**EXERCISE AIM:**
Omit all pictures, then repeat the listing exactly.

**GIVEN DATA:**
════════════════════
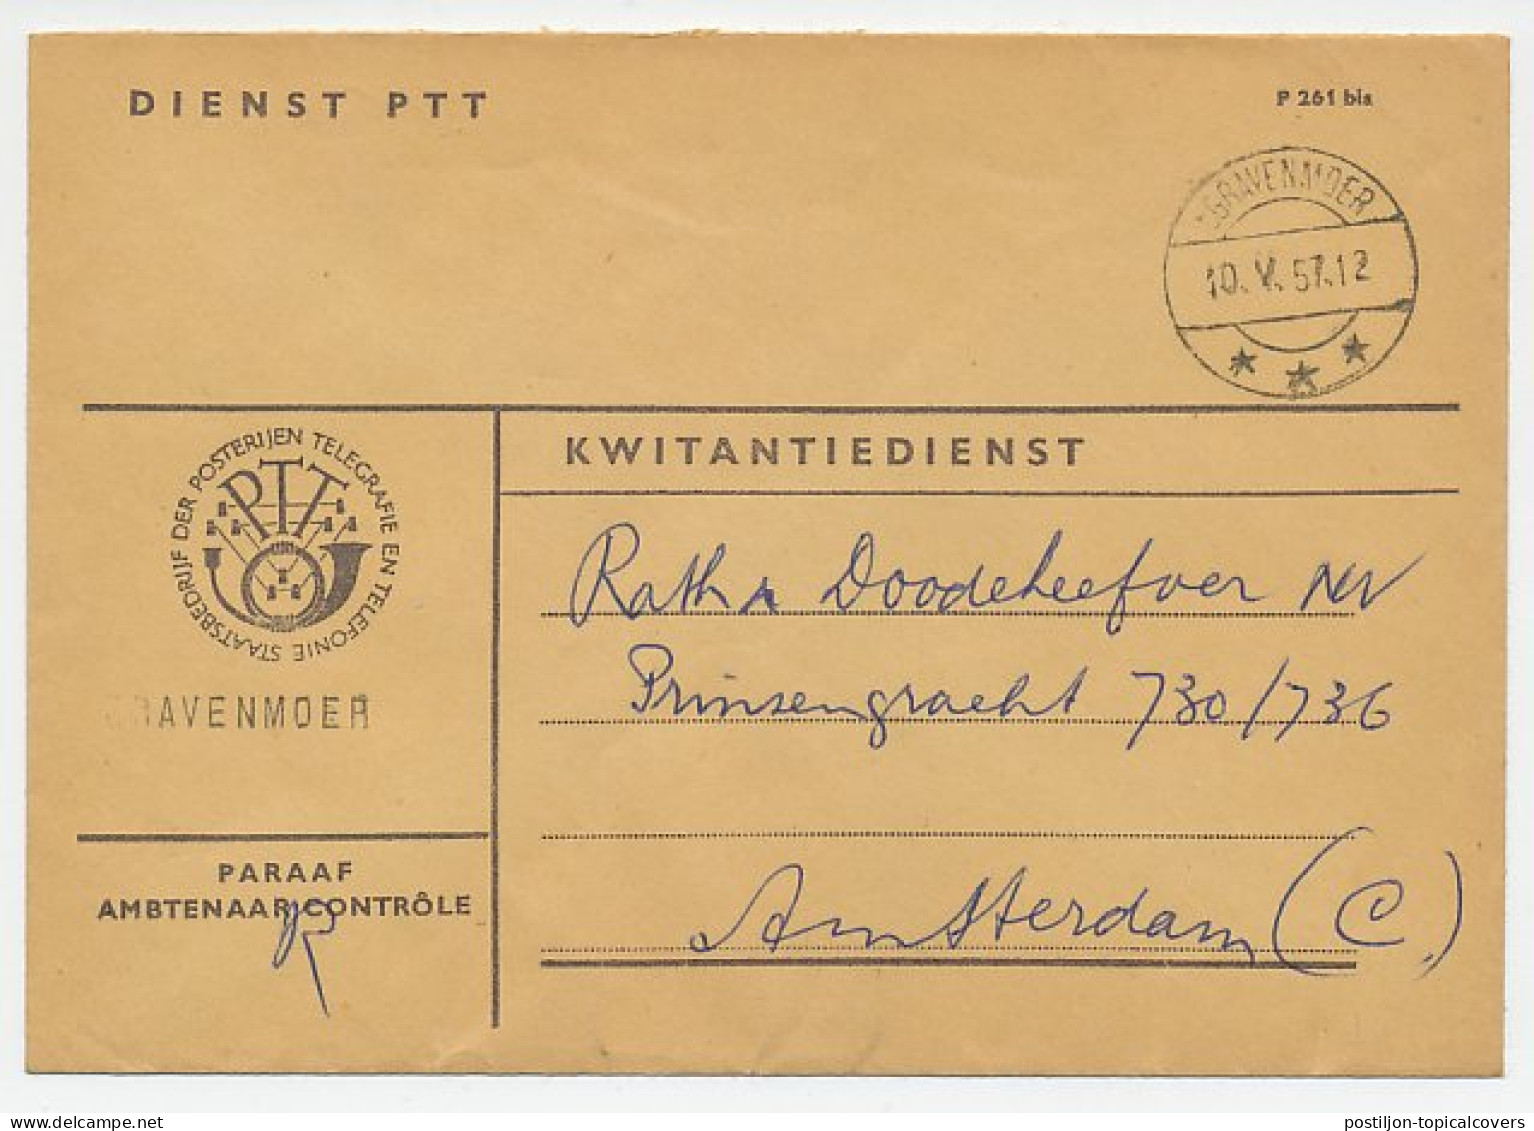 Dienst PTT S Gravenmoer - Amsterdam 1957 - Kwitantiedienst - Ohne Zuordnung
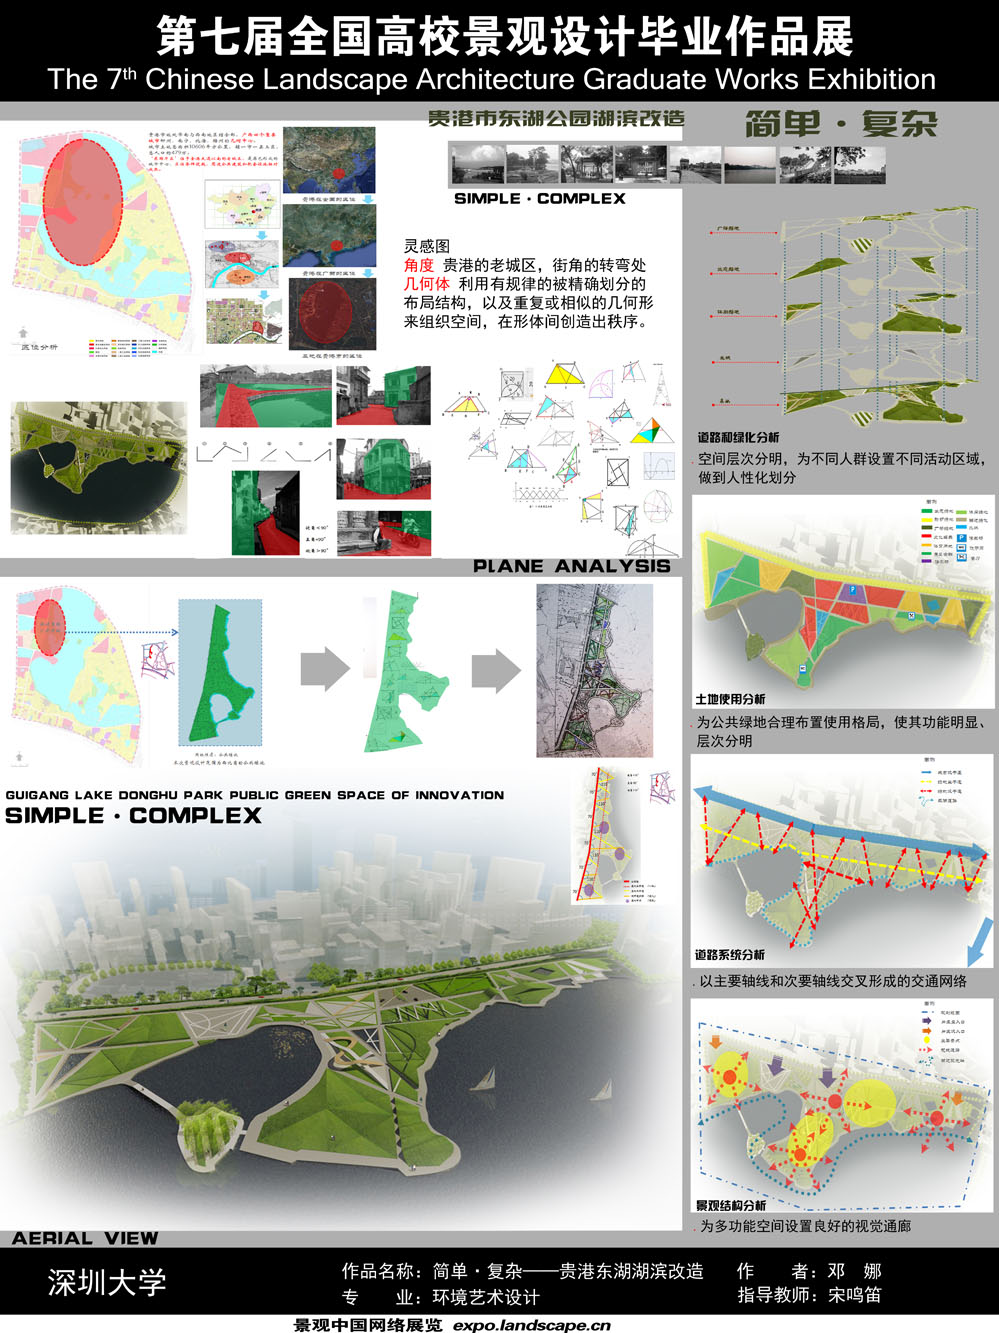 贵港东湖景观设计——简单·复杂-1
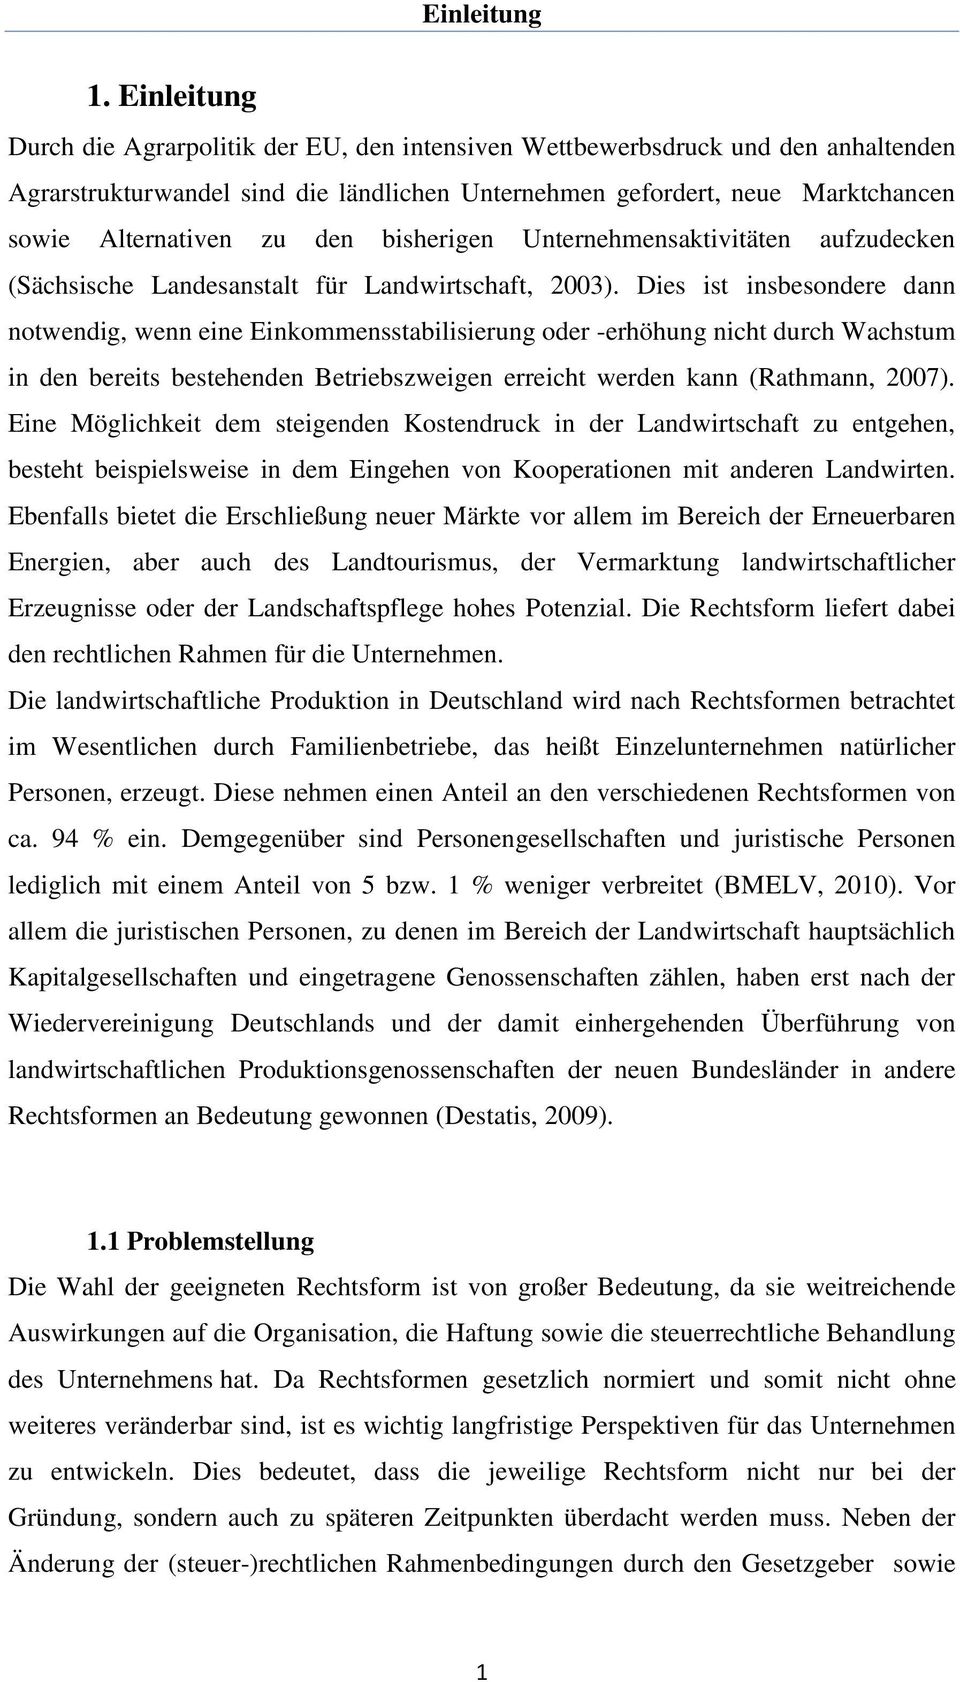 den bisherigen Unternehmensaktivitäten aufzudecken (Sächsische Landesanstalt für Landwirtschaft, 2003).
════════════════════
**ANSWER BOX:**
 Dienst PTT S Gravenmoer - Amsterdam 1957 - Kwitantiedienst - Ohne Zuordnung
 贵港东湖景观设计——简单·复杂-1
 den bisherigen Unternehmensaktivitäten aufzudecken (Sächsische Landesanstalt für Landwirtschaft, 2003).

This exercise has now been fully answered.